Antidepressants are statistically superior to placebo but their overall effect is low-to-moderate. In that respect they often did not exceed the National Institute for Health and Clinical Excellence criteria for a "clinically significant" effect. In particular, the effect size was very small for moderate depression but increased with severity, reaching "clinical significance" for very severe depression. These results were consistent with the earlier clinical studies in which only patients with severe depression benefited from either psychotherapy or treatment with an antidepressant, imipramine, more than from the placebo treatment. Despite obtaining similar results, the authors argued about their interpretation. One author concluded that there "seems little evidence to support the prescription of antidepressant medication to any but the most severely depressed patients, unless alternative treatments have failed to provide benefit." The other author agreed that "antidepressant 'glass' is far from full" but disagreed "that it is completely empty". He pointed out that the first-line alternative to medication is psychotherapy, which does not have superior efficacy.
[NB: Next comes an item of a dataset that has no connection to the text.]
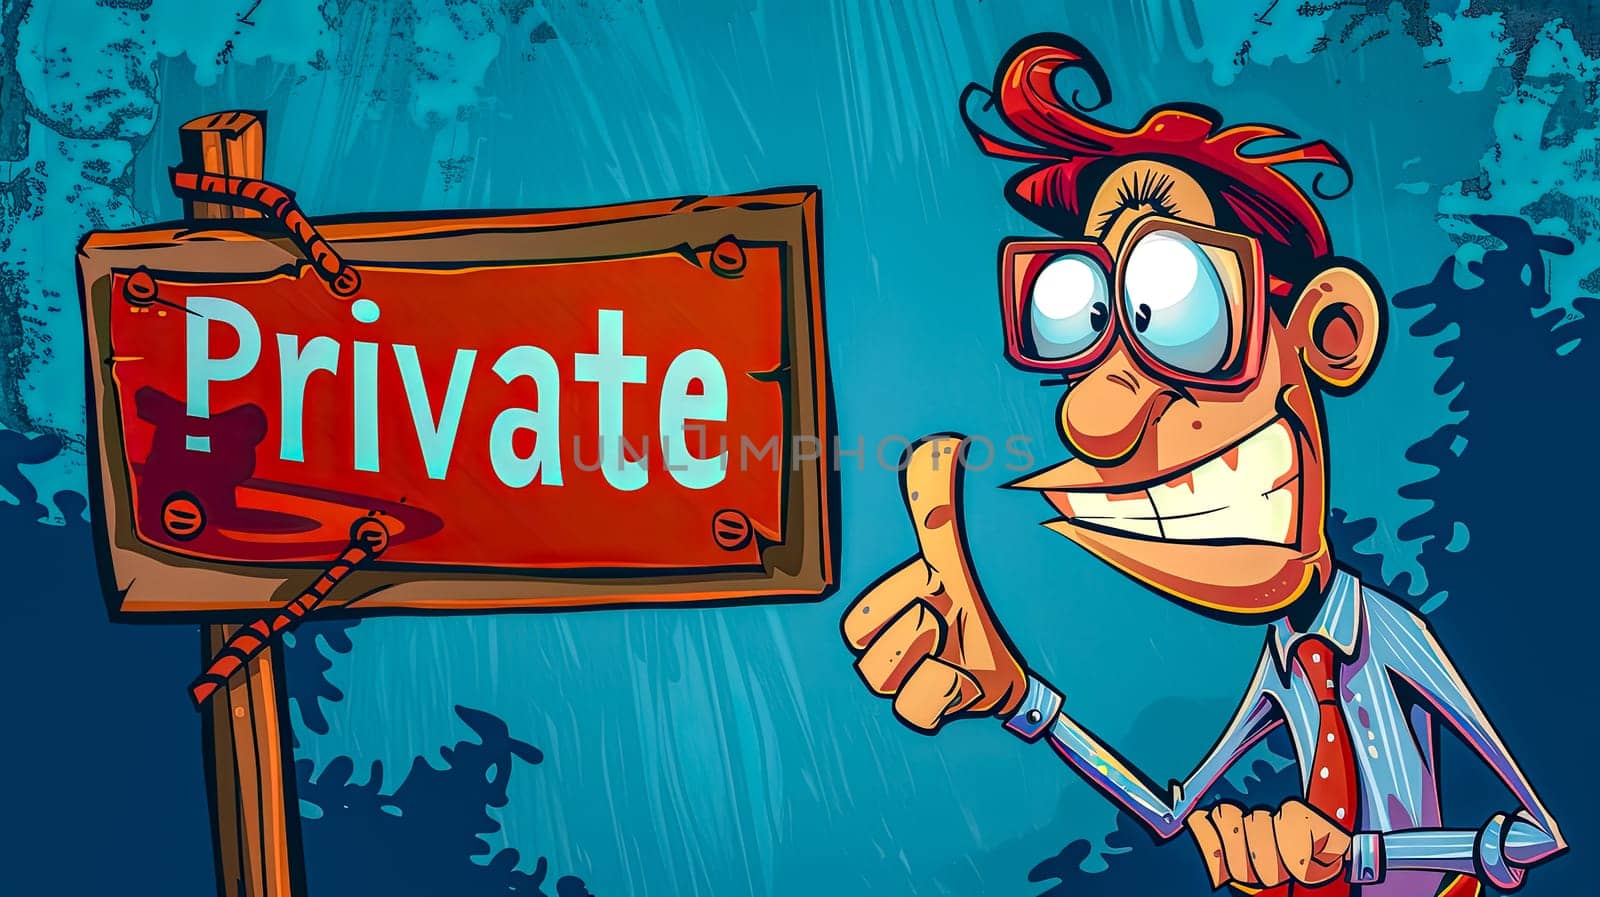 Colorful illustration of a cheerful cartoon man pointing at a private sign with his finger

Antidepressants in general are as effective as psychotherapy for major depression, and this conclusion holds true for both severe and mild forms of MDD. In contrast, medication gives better results for dysthymia. The subgroup of SSRIs may be slightly more efficacious than psychotherapy. On the other hand, significantly more patients drop off from the antidepressant treatment than from psychotherapy, likely because of the side effects of antidepressants. Successful psychotherapy appears to prevent the recurrence of depression even after it has been terminated or replaced by occasional "booster" sessions. The same degree of prevention can be achieved by continuing antidepressant treatment.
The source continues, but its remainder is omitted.